Capacity-building and training

  • The Federal Bureau of Investigation (FBI) has joined or formed six environmental task forces with the EPA across the United States.
  • Eighty-nine U.S. attorneys’ offices have created EJ community reporting systems.
  • The DOJ’s National Advocacy Center in Columbia, South Carolina, now includes EJ training in its seminars for U.S. attorneys’ offices.
  • The OEJ and the Executive Office for United States Attorneys host monthly EJ trainings for the Department’s EJ Coordinators.
  • The ENRD and the Civil Rights Division conduct witness interview trainings for professional staff to encourage the use of community impact statements in enforcement actions.
  • The ENRD offers a mandatory EJ training for all new attorneys each fall and incorporated EJ in a training for state attorneys general staff.
  • DOJ personnel held listening sessions with community leaders in Warren and Sansome Counties, North Carolina; in the Detroit/River Rouge area; in Houston, Texas; and throughout the Northern District of West Virginia (Wheeling/Martinsburg).

Tribal justice

  • In November 2022, the ENRD and the Office of Tribal Justice (OTJ) co-hosted a listening session for tribes alongside the White House Tribal Leaders Summit.
  • In February 2023, the ENRD and OTJ co-hosted a Defending and Strengthening Tribal Homelands Summit at the DOJ’s National Advocacy Center. Over 3 days, tribal and federal participants discussed enforcing tribal treaty rights, securing tribal water rights, and partnering with tribes to implement climate adaptation plans.

State EJ actions

On April 17, 2023, the New Jersey Department of Environmental Protection (NJDEP) announced the final adoption of regulations to implement New Jersey’s landmark EJ Law.

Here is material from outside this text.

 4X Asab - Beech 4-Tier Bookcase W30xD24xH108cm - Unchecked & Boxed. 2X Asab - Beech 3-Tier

“The EJ Law and implementing rules are the first in the nation aimed at reducing pollution in historically overburdened communities and communities of color that have been subjected to a disproportionately high number of environmental and public health stressors,” according to a press release issued by New Jersey Governor Phil Murphy.

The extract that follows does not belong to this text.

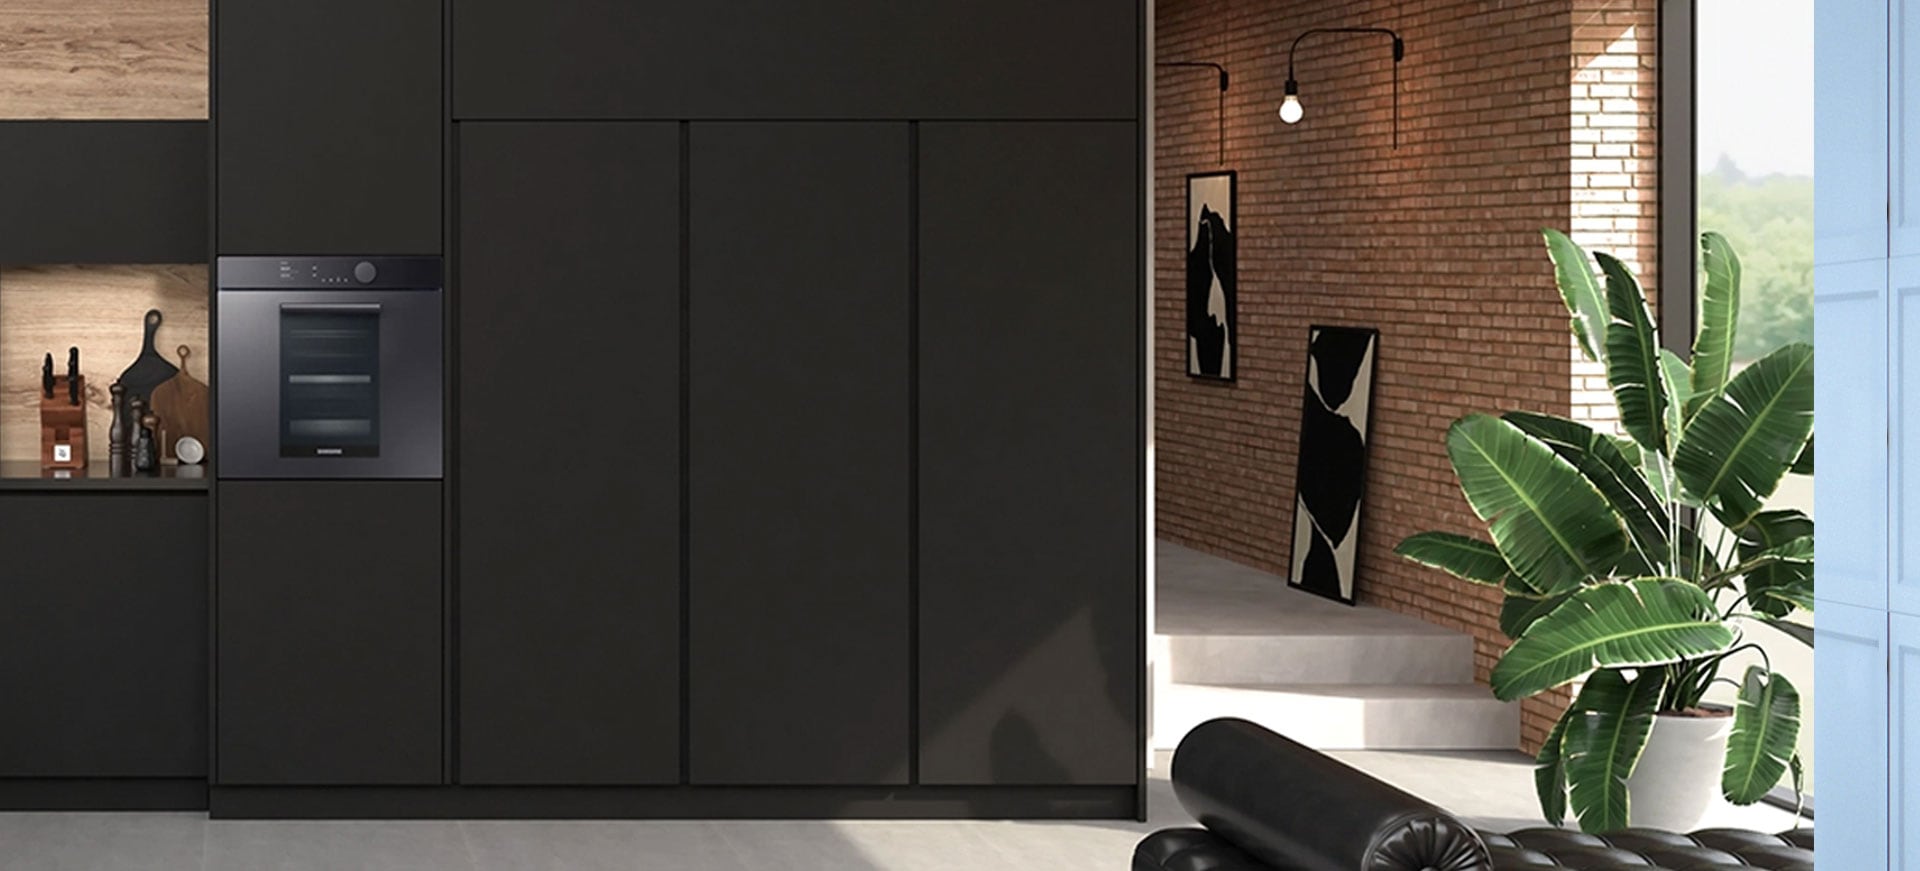 Samsung Bespoke Refrigerator Loft Black

Under the EJ rules, when proposing to locate certain pollution-generating facilities in an overburdened community, an applicant must prepare an EJ impact statement and engage directly with members of the proposed host community by hosting a public hearing. The applicant must also collect all public comments and respond to them in writing.

The NJDEP will then evaluate whether pollution from the proposed facility would cause or contribute to environmental and public health stressors at levels disproportionate to those in less burdened communities. The EJ rules require permit applicants to avoid and minimize such stressors, including through the use of added pollution control technology. If disproportionate impacts aren’t avoidable, certain new facilities could be limited, or existing facilities could be subject to additional permit conditions that reduce environmental and public health stressors affecting the community.

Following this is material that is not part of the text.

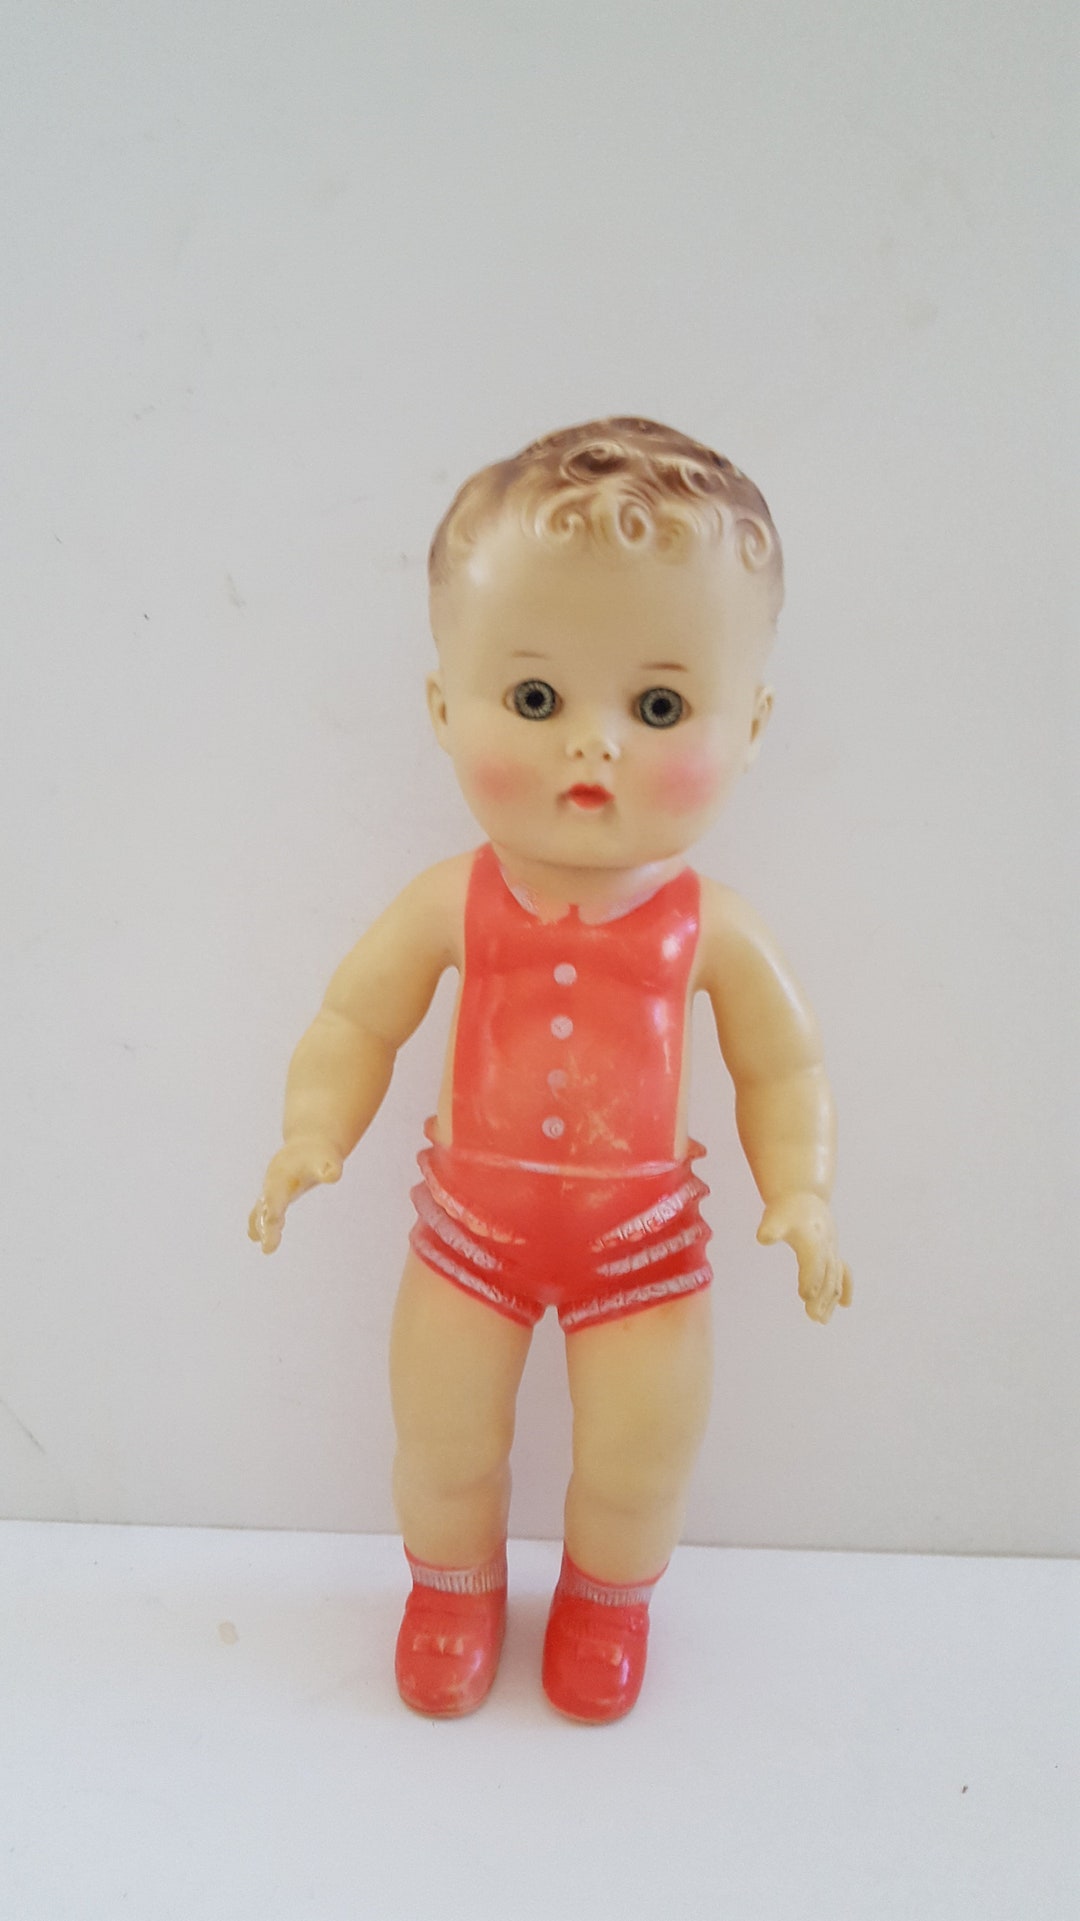 Vintage Circa 1956 U.S. Sun Rubber Company Baby Doll - Etsy

There are eight types of facilities covered by the NJDEP EJ rules:

  1. Major sources of air pollution, such as gas-fired power plants and cogeneration facilities;
  2. Resource recovery facilities or incinerators;
  3. Sludge processing facilities, combustors, or incinerators;
  4. Sewage treatment plants with a capacity of more than 50 million gallons per day;
  5. Transfer stations or other solid waste facilities or recycling facilities intending to receive at least 100 tons of recyclable material per day;
  6. Scrap metal facilities;
  7. Landfills, including landfills that accept ash, construction or demolition debris, or solid waste; and
  8. Medical waste incinerators, except those attendant to hospitals and universities.

“Significantly, the public hearing and EJS requirements pertain not only to new permit applications but also to permit renewals for existing facilities,” advises a Day Pitney LLP article in Lexology.

New Jersey’s EJ actions follow other states that have enacted EJ regulations, including California, Oregon, and New York.